To add insult to injury, the Sunday Times published a cartoon today depicting a large-nosed Jew, hunched over a wall, building with the blood of Palestinians as they writhe in pain within it. Stereotypical blood-libel Anti-Semitism intended deliberately to coincide with Holocaust Memorial Day.
The Holocaust strikes at the very core of my heart as a Jew and as a human being. My mother, one of the "hidden children," miraculously survived along with her parents and siblings. Three pairs of my great-grandparents and most other family members perished. The establishment of a Holocaust Memorial Day has essentially enabled others with whatever agendas to dance on the graves of my family along with another 6 million and countless others besides.
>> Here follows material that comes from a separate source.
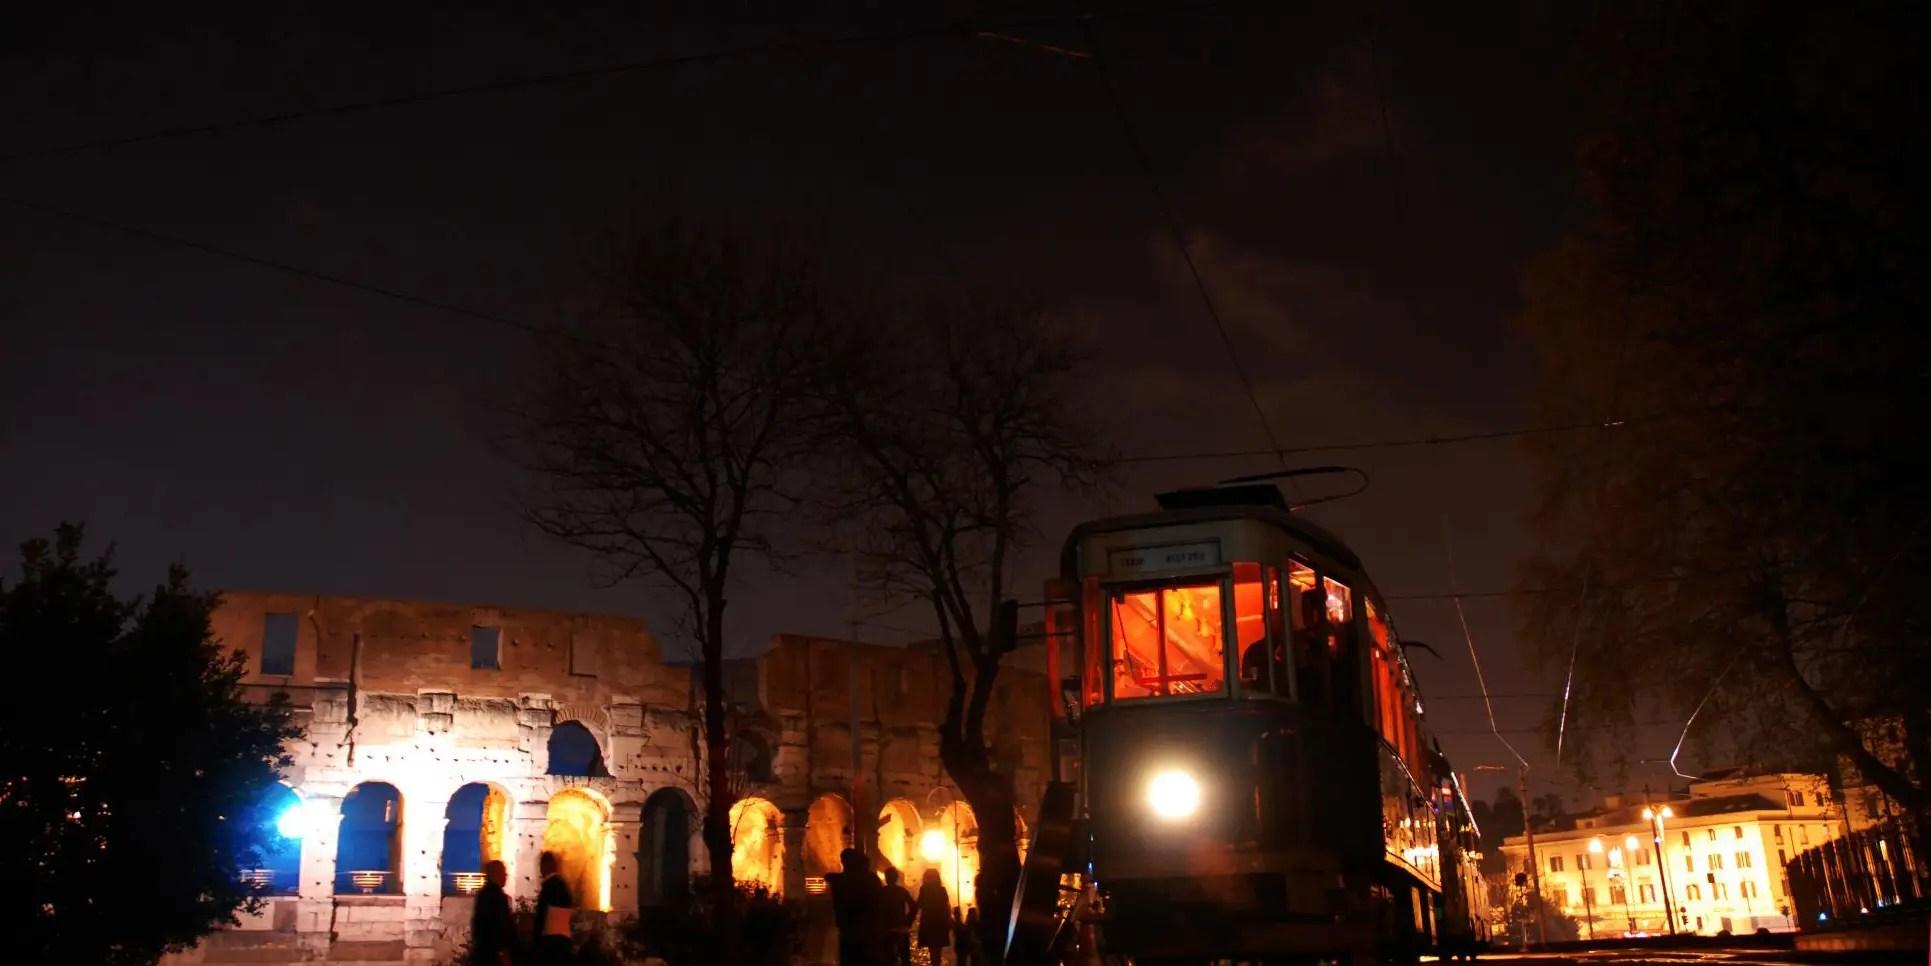 Tramjazz, Rome

As the commentator put it today: "Holocaust Memorial Day is transfiguring into a day that 'the Jews' or 'Israel' (for they will use these terms interchangeably), are to be attacked or set up, completely leaving behind the idea that the country came into existence in the wake of the greatest single crime in history."
Twelve years later they're acknowledging what I warned about since the inception of this day. I wonder if the Chief Rabbi remembers that initial meeting. I wonder what he's thinking now.